00000b0: 0400 0000 0000 0000 0600 0000 0400 0000 ................
00000c0: 5401 0000 0700 0000 0400 0000 5c01 0000 T...........\...
00000d0: 0100 0000 0000 0000 0100 0200 0800 0000 ................
00000e0: 0300 0000 0000 0000 0300 0200 0800 0000 ................
00000f0: 0300 0100 0900 0000 0300 0000 0100 0000 ................
0000100: 0100 0000 0000 0000 ffff ffff 0000 0000 ................
0000110: e101 0000 0000 0000 0100 0100 0100 0000 ................
0000120: 0000 0000 0400 0000 7010 0000 0000 0e00 ........p.......
0000130: 0300 0200 0200 0000 0000 0000 0900 0000 ................
0000140: 6f20 0100 2100 1500 037f 6e20 0400 0100 o ..!.....n ....
0000150: 0e00 0000 0100 0000 0000 0000 0100 0000 ................
0000160: 0200 063c 696e 6974 3e00 0149 0016 4c61 .....I..La
0000170: 6e64 726f 6964 2f61 7070 2f41 6374 6976 ndroid/app/Activ
0000180: 6974 793b 0013 4c61 6e64 726f 6964 2f6f ity;..Landroid/o
0000190: 732f 4275 6e64 6c65 3b00 204c 636f 6d2f s/Bundle;. Lcom/
00001a0: 616e 6472 6f69 642f 6865 6c6c 6f2f 4865 android/hello/He
00001b0: 6c6c 6f41 6e64 726f 6964 3b00 0156 0002 lloAndroid;..V..
00001c0: 5649 0002 564c 0008 6f6e 4372 6561 7465 VI..VL..onCreate
00001d0: 000e 7365 7443 6f6e 7465 6e74 5669 6577 ..setContentView
00001e0: 0000 0001 0102 8180 0498 0203 01b0 0200 ................
00001f0: 0b00 0000 0000 0000 0100 0000 0000 0000 ................
0000200: 0100 0000 0a00 0000 7000 0000 0200 0000 ........p.......

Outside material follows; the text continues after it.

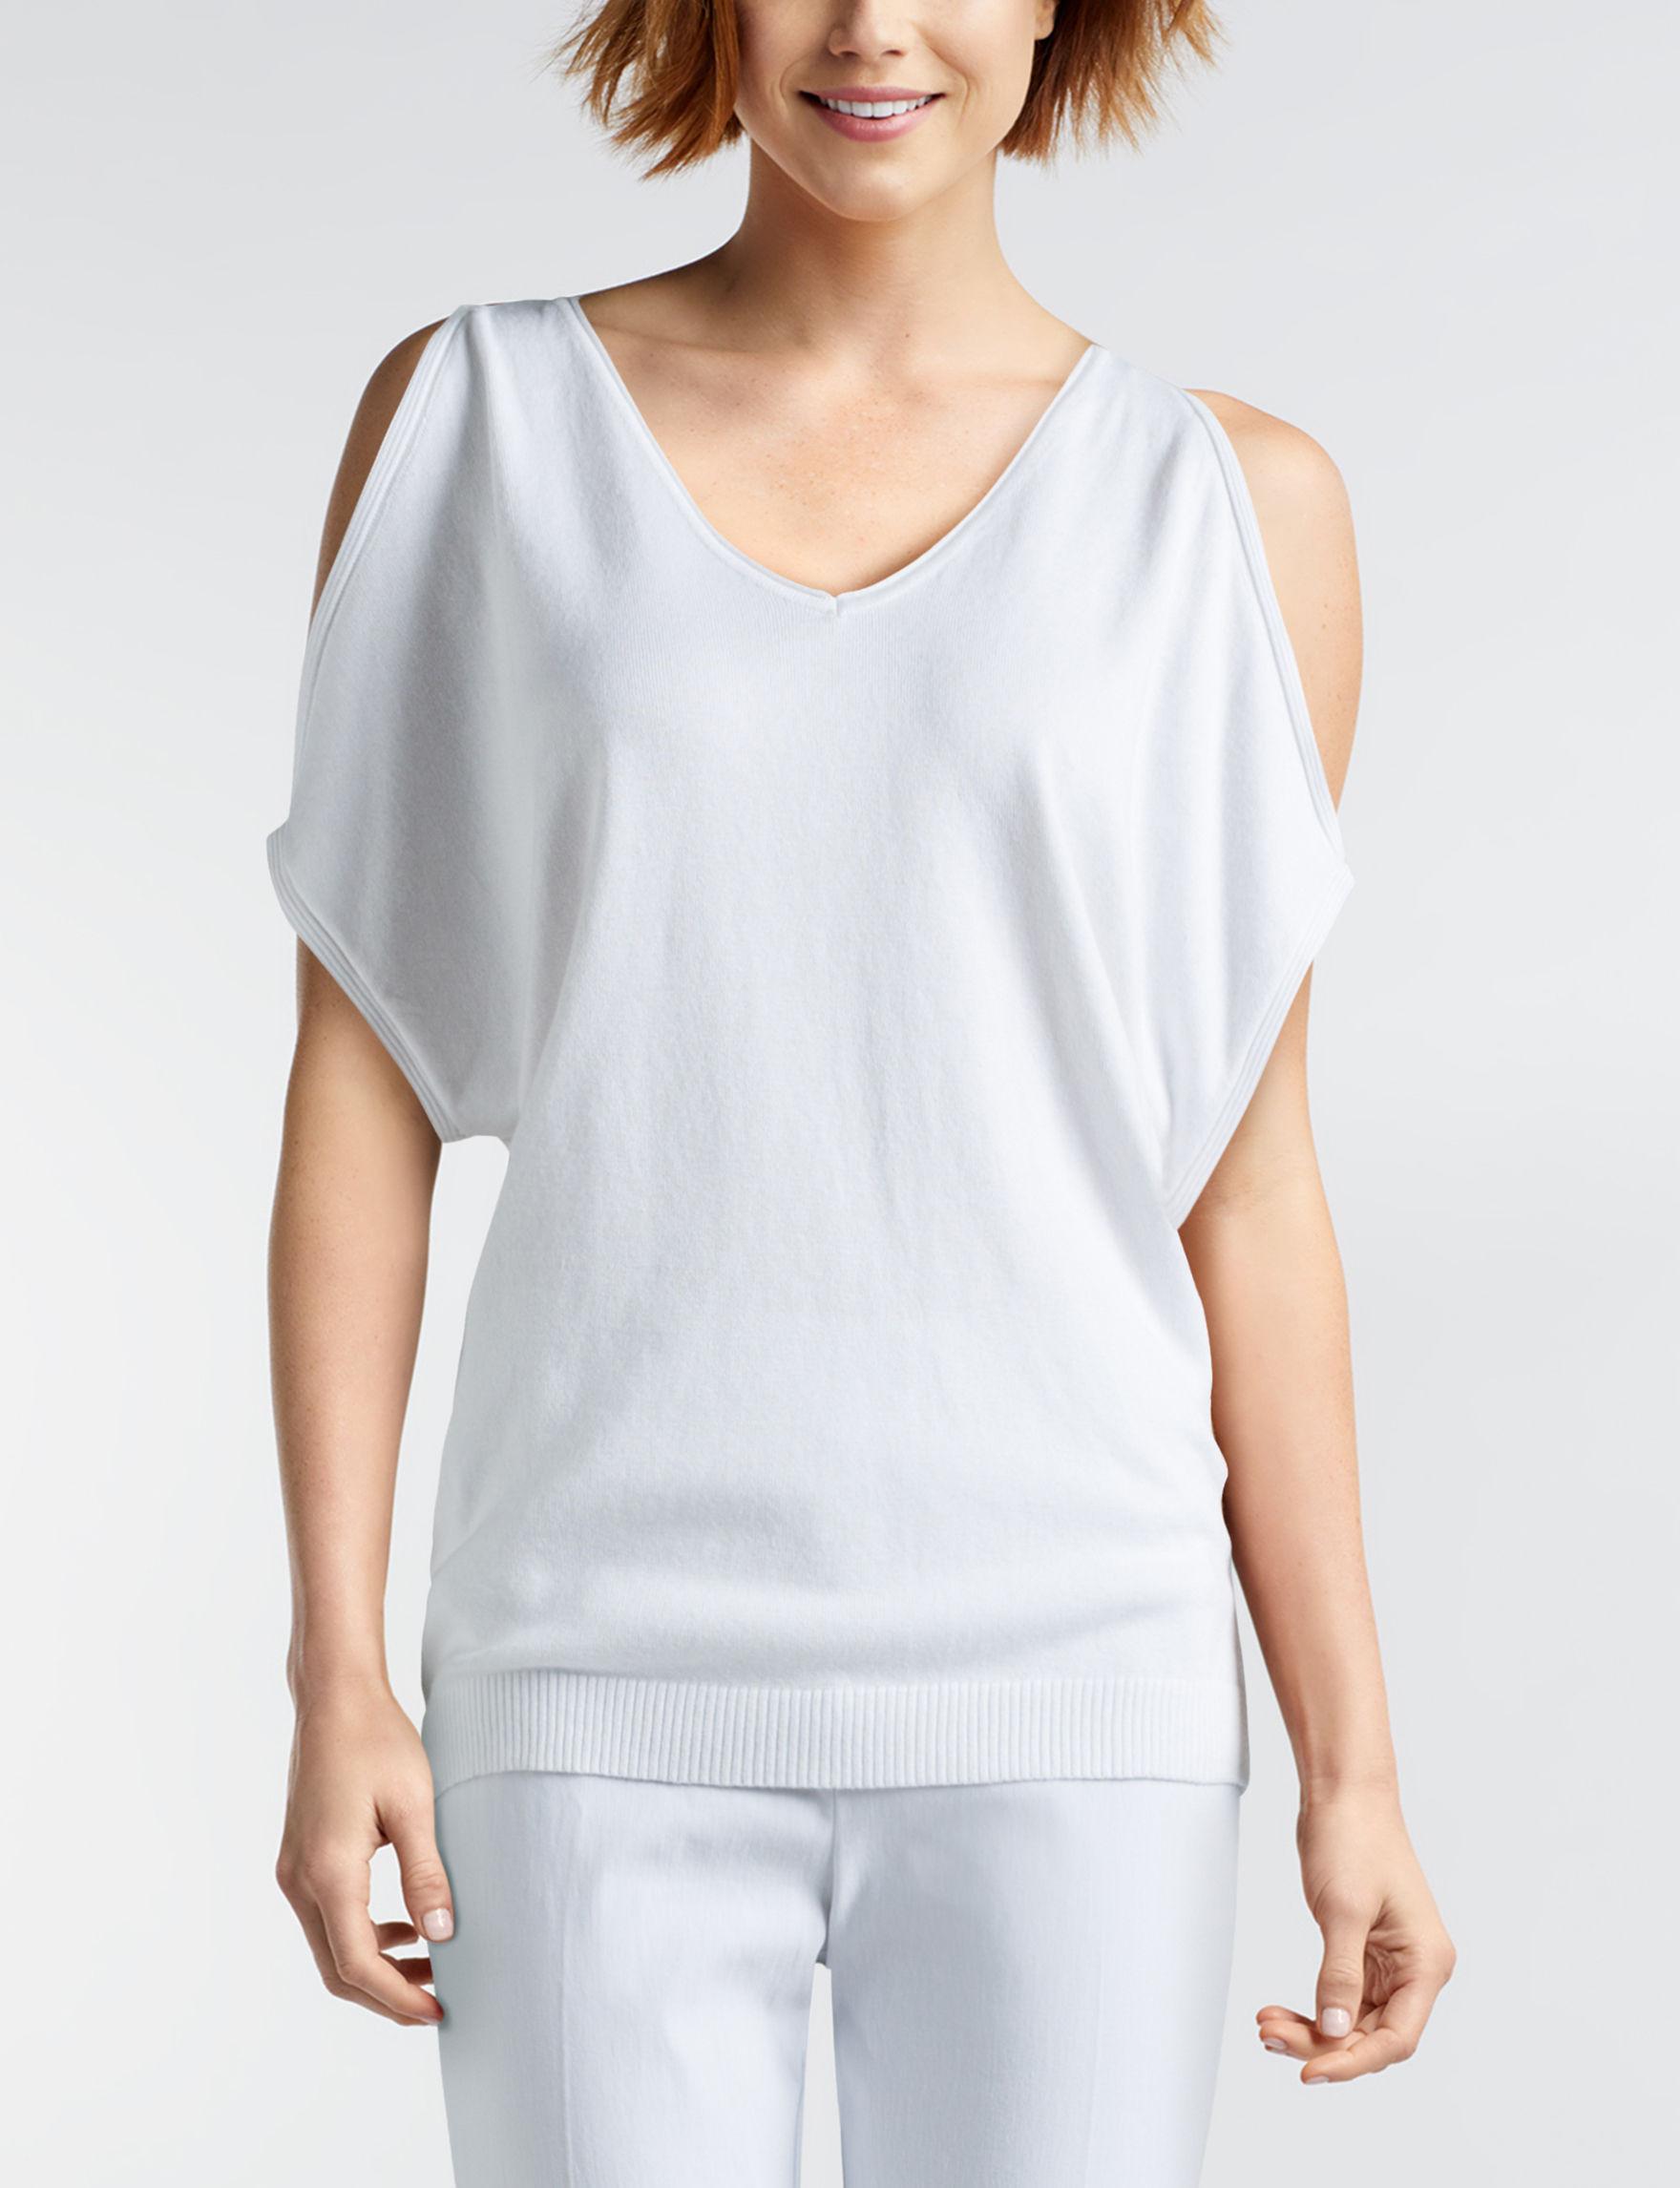 Joseph A White Shirts & Blouses

0000210: 0500 0000 9800 0000 0300 0000 0300 0000 ................
0000220: ac00 0000 0500 0000 0500 0000 d000 0000 ................
0000230: 0600 0000 0100 0000 f800 0000 0120 0000 ............. ..
0000240: 0200 0000 1801 0000 0110 0000 0200 0000 ................
0000250: 5401 0000 0220 0000 0a00 0000 6201 0000 T.... ......b...
0000260: 0020 0000 0100 0000 e101 0000 0010 0000 . ..............
0000270: 0100 0000 f001 0000 ........
Only the 4 16-bit words at 0x128 and the 9 16-bit words at 0x140 are actual Dalvik bytecode. They belong to the constructor and the onCreate method respectively.